26. The Court of Appeal in Mumias Sugar Company Limited vs. Francis Wanalo (2007) eKLRstated that
“…The award for loss of earning capacity can be made both when the plaintiff is employed at the time of the trial and even when he is not so employed. The justification for the award when plaintiff is employed is to compensate the plaintiff for the risk that the disability has exposed him of either losing his job in future or in case he loses the job, his diminution of chances of getting an alternative job in the labour market while the justification for the award where the plaintiff is not employed at the date of trial, is to compensate the plaintiff for the risk that he will not get employment or suitable employment in future. Loss of earning capacity can be claimed and awarded as part of general damages for pain, suffering and loss of amenities or as a separate head of damages. The award can be a token one, modest or substantial depending on the circumstances of each case. There is no formula for assessing loss of earning capacity. Nevertheless, the Judge has to apply the correct principles and take the relevant factors into account in order to ascertain the real or approximate financial loss that the plaintiff has suffered as a result of disability.”

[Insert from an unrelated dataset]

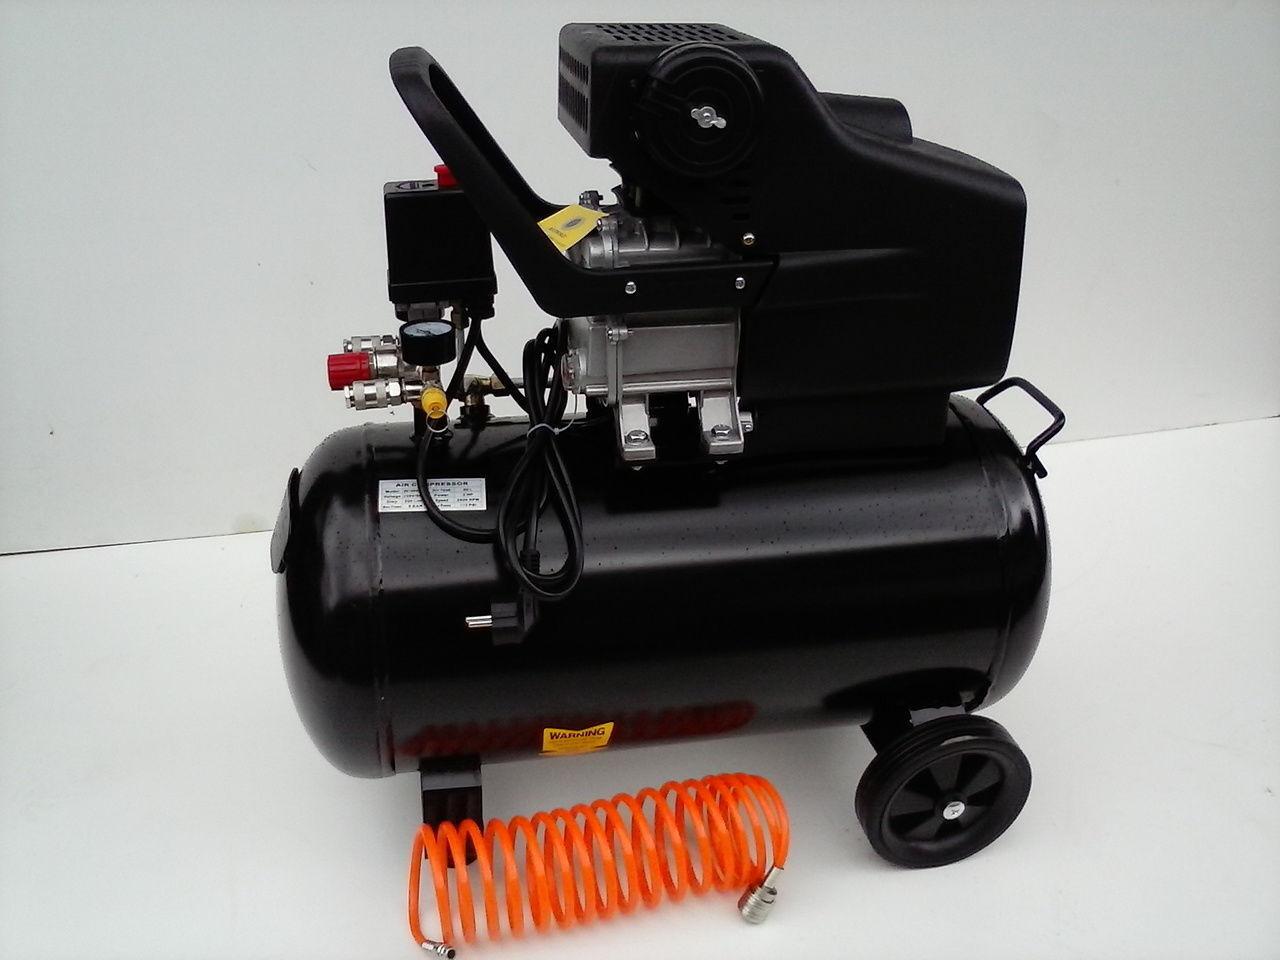 Kompressor Druckluft Druckluftkompressor Verdichter 2 PS 1500W/ 24 oder 50 Liter

27. A reading of the impugned judgment shows that the learned trial magistrate considered the evidence adduced, the law and decided cases before arriving at the decision he made. The appellants have no issue with the authorities relied on by the court. I am convinced that the trial court considered the authorities submitted on. I however do not find a satisfactory explanation for the award of Kshs 2,300,000/= after considering the authorities cited whose awards range from Kshs 1,600,000/=-1,900,000/=. Further, on considering that a separate award has been made for loss of future earning capacity I find an award of Kshs 1,800,000/= to be reasonable for pain and suffering.
28. On loss of future earnings the respondent was aged 57 years at the time of accident. Since no earnings were proved the trial was right in applying the minimum wage of an unskilled labourer. A multiplier of 5 years is sufficient as its not very certain for how long he would have worked. The loss will therefore be:
9,780. 95 x 5 x 12 = 586,857
29. The upshot is that the lower court judgment is set aside and I make the following awards:
- General damages for pain and suffering ………. Kshs 1,800,000/=
- Loss of future earning capacity…………………Kshs 586,857/=
- Future medical expenses and costs of prosthesis…Kshs 200,000/=
- Special damages…………………………………. Kshs 279,478/=
TOTAL – Kshs 2,866,335/=
30. I therefore enter judgment in favour of the respondent for Kshs 2,866,335/= (Kshs Three million, sixty-six thousand, three hundred and thirty-five only) plus interest and costs.
The appellants get ½ of the costs of the appeal.
Orders accordingly.
Delivered, signed and dated this 19th day of May 2021.